*Supplied information*.

»»

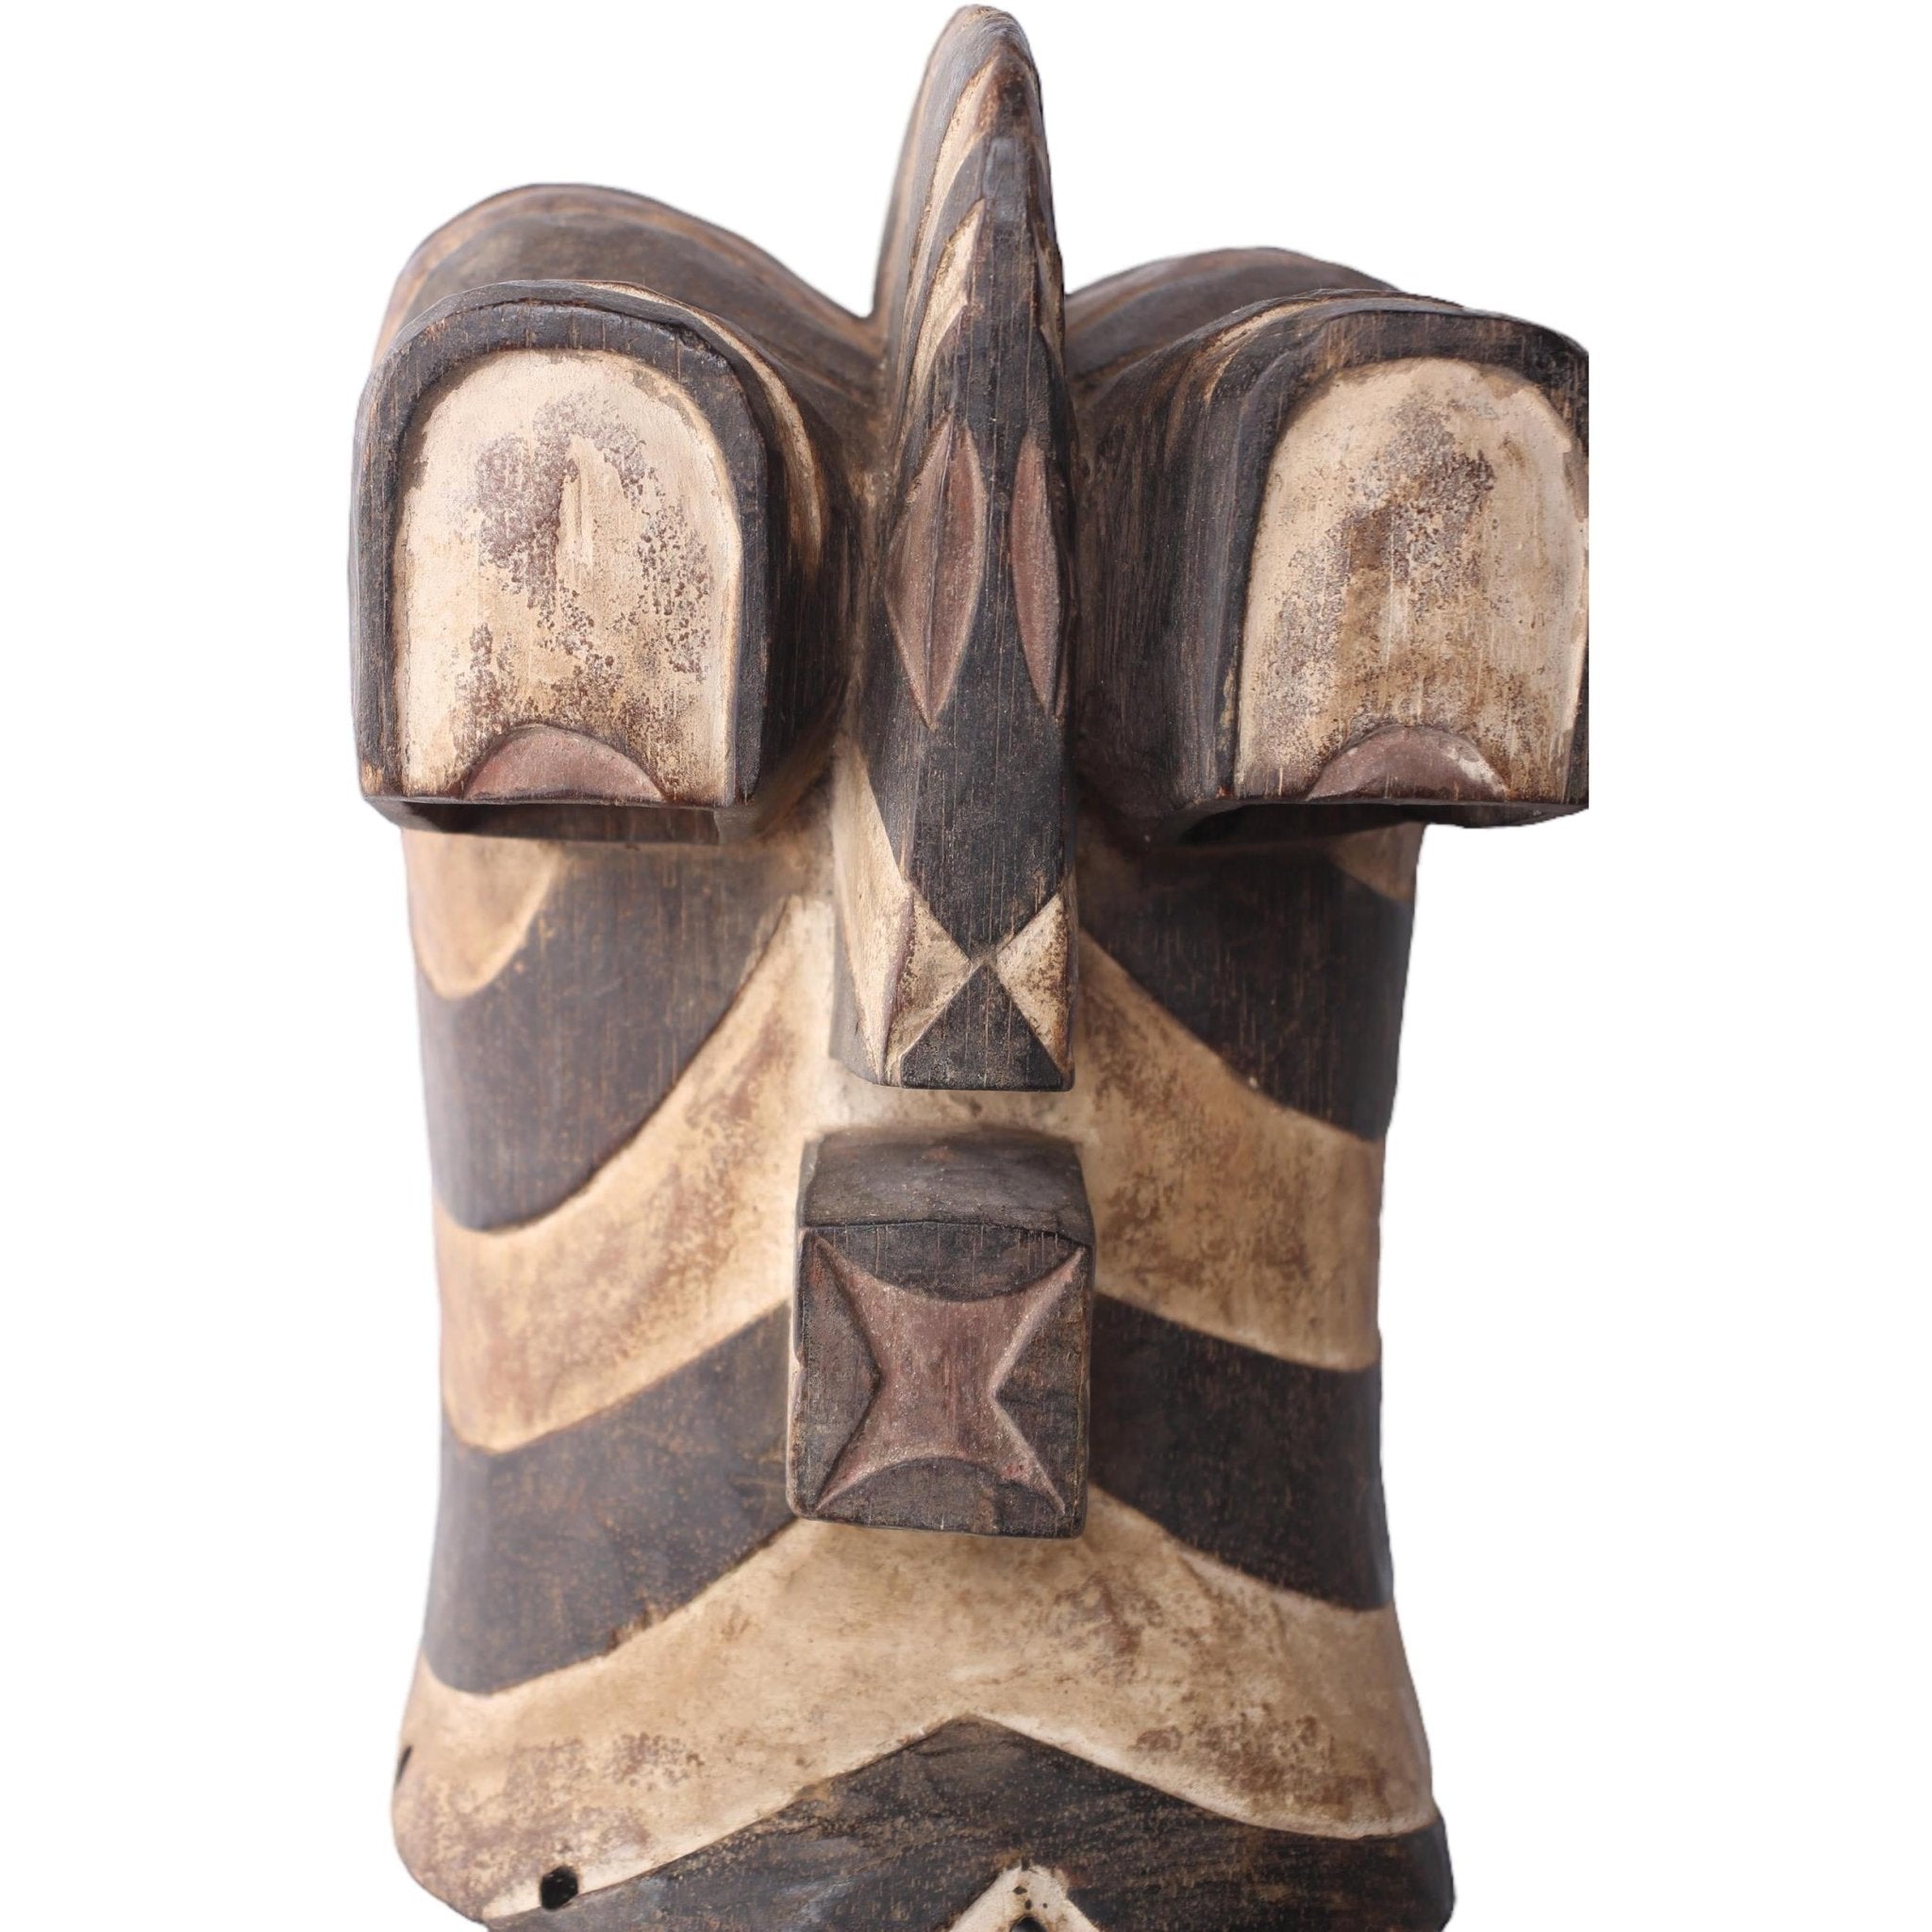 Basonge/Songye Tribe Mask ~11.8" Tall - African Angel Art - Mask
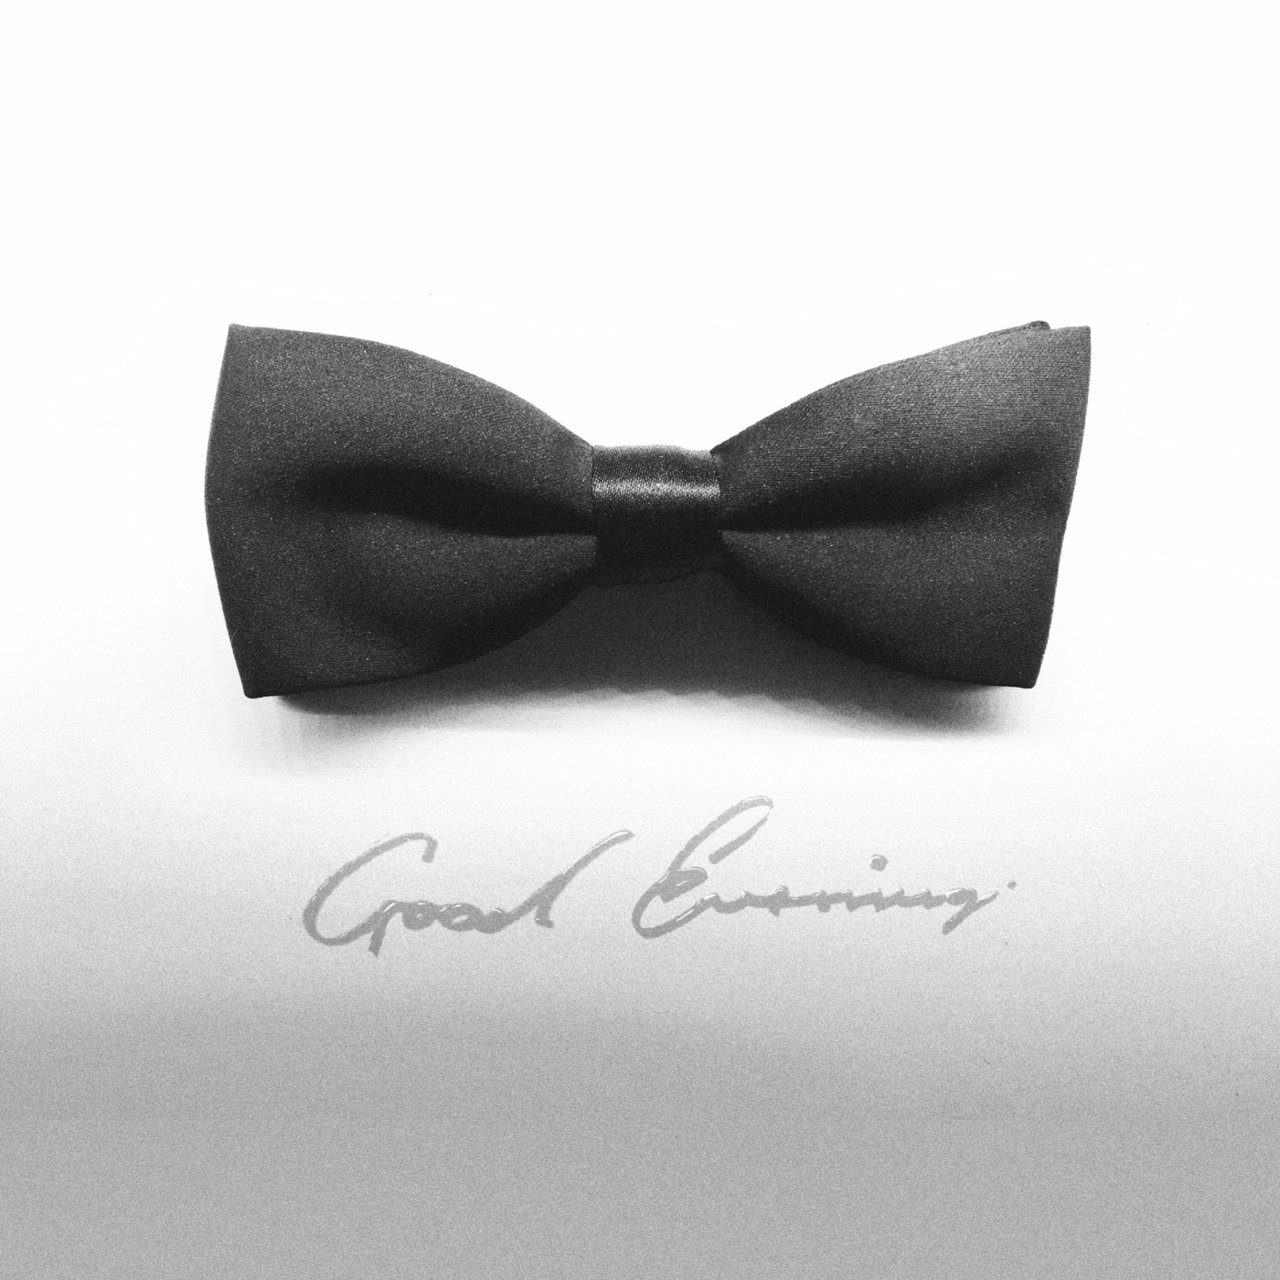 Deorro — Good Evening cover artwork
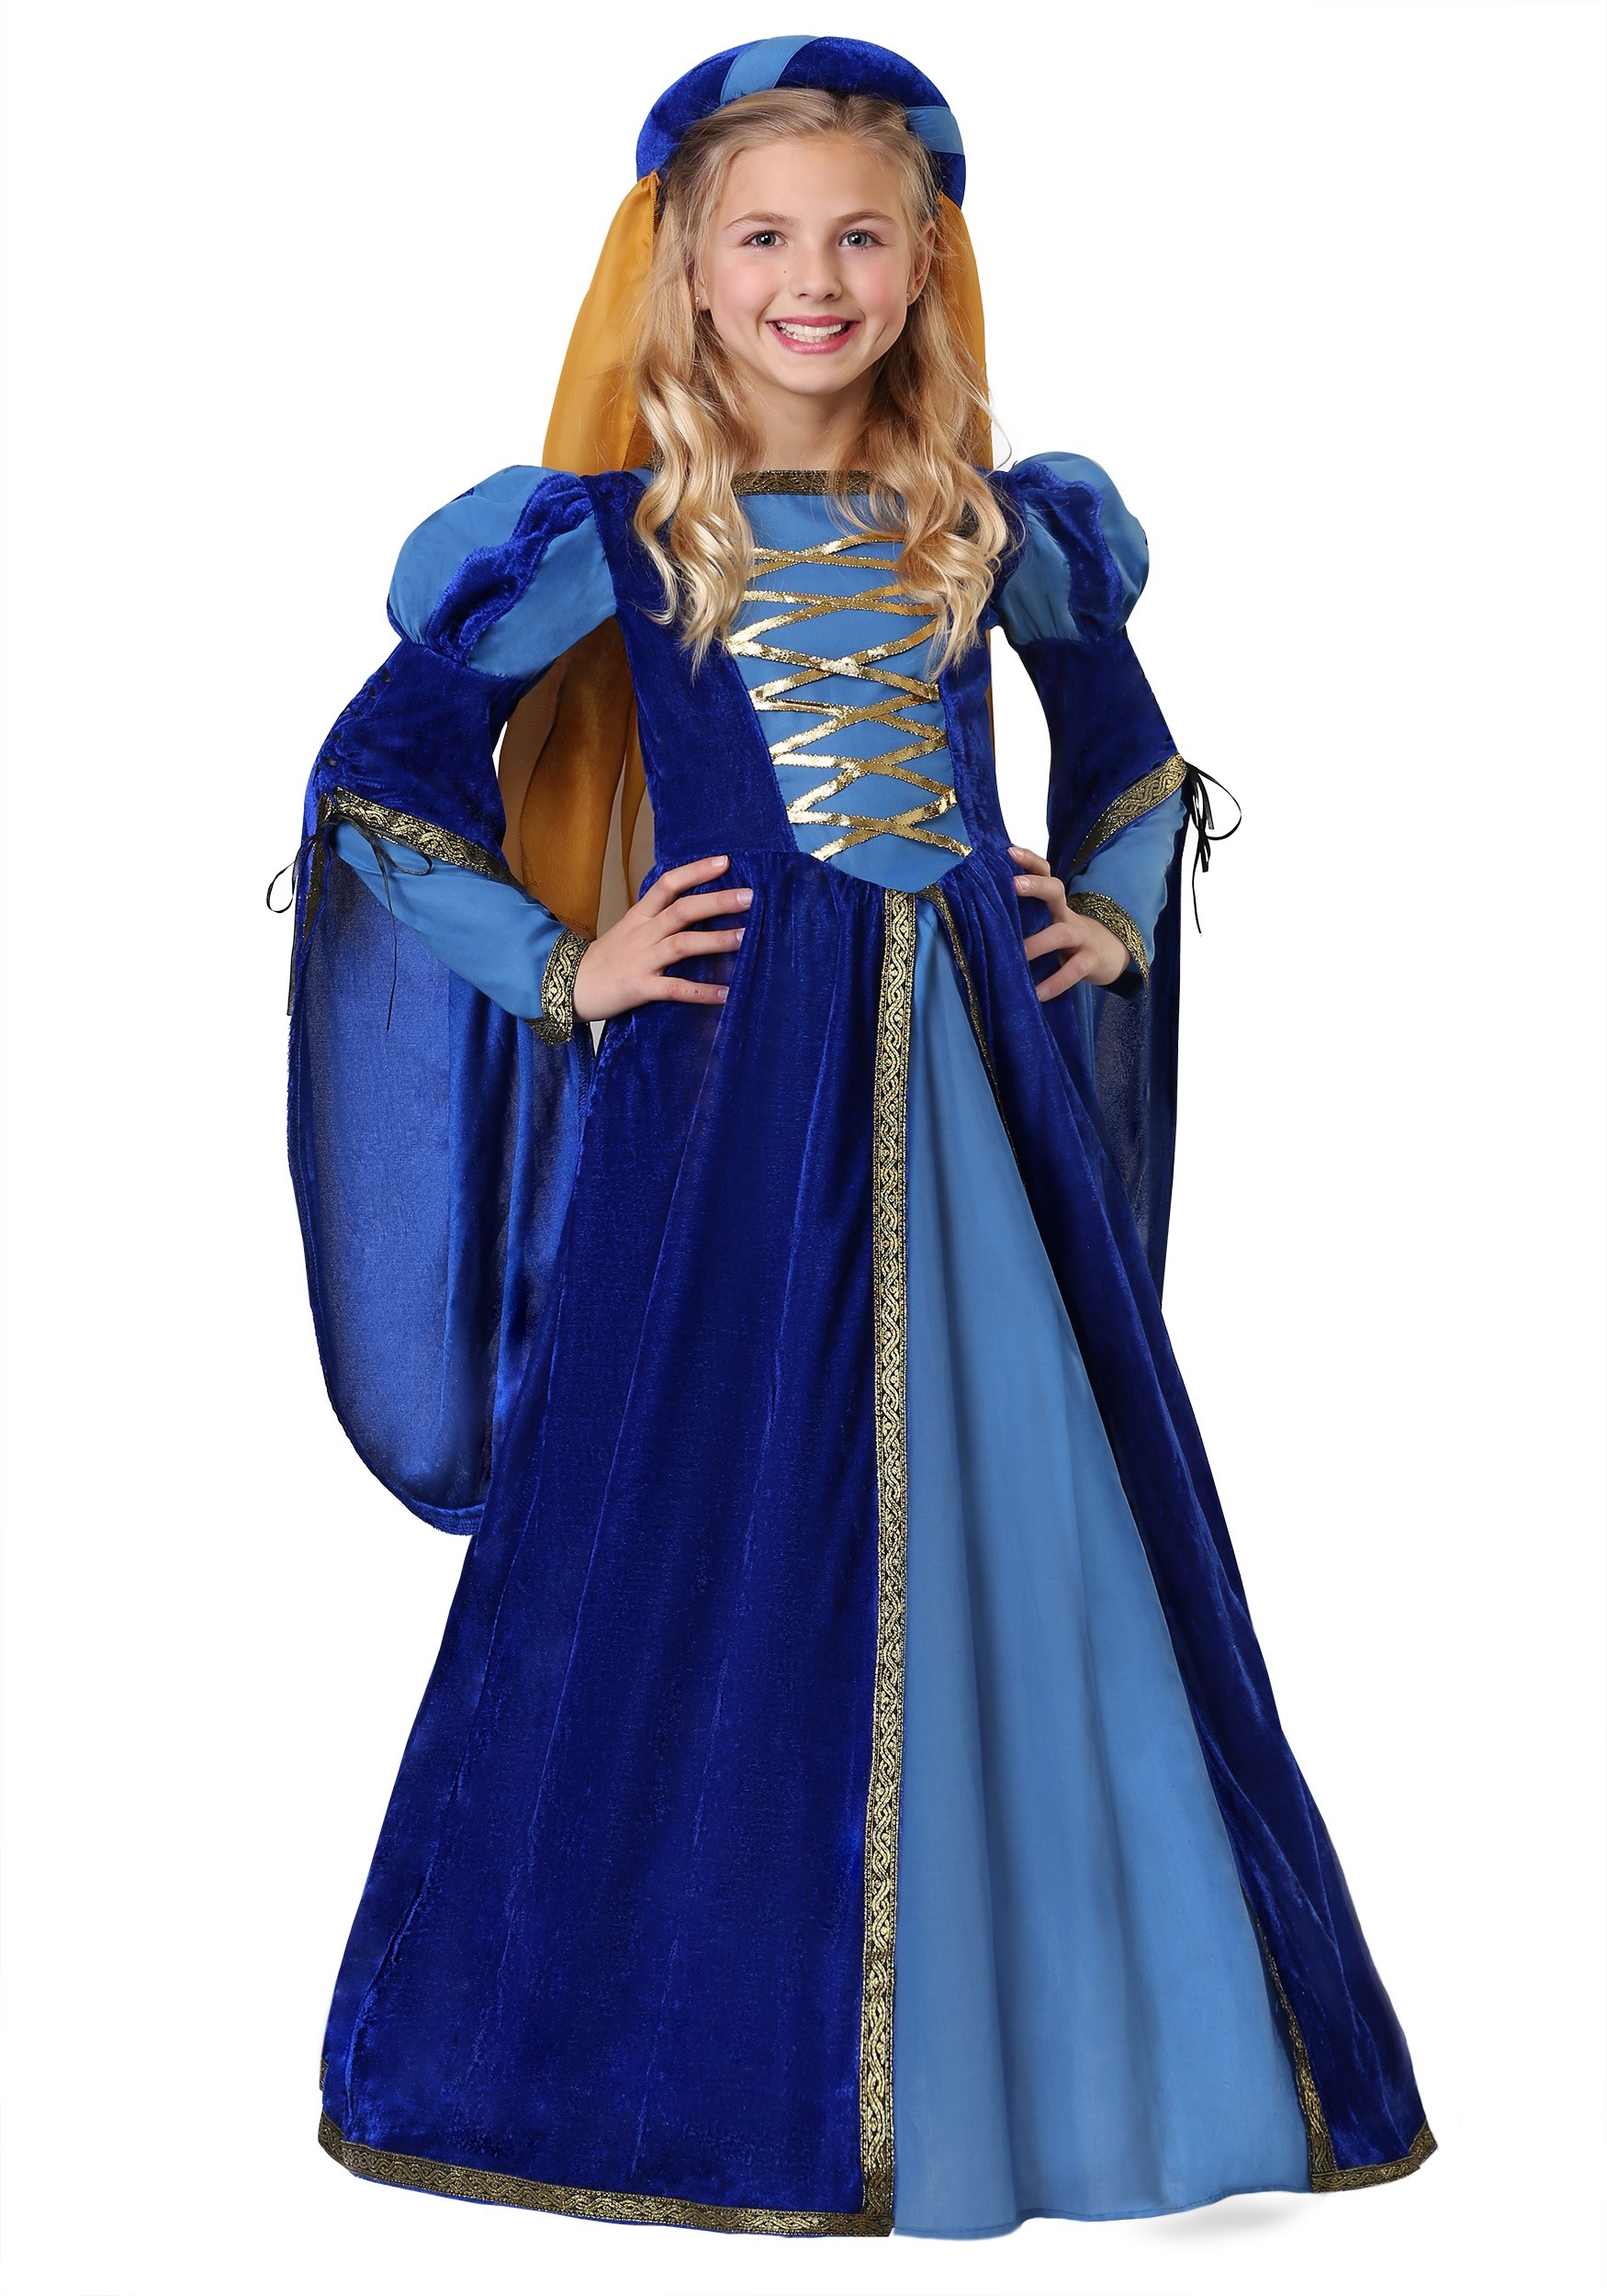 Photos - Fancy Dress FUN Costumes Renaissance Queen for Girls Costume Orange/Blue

««

*Problem*. Without including the pictures, copy all of the data exactly.

*Exercise solution*.
 Basonge/Songye Tribe Mask ~11.8" Tall - African Angel Art - Mask
 Deorro — Good Evening cover artwork
 Photos - Fancy Dress FUN Costumes Renaissance Queen for Girls Costume Orange/Blue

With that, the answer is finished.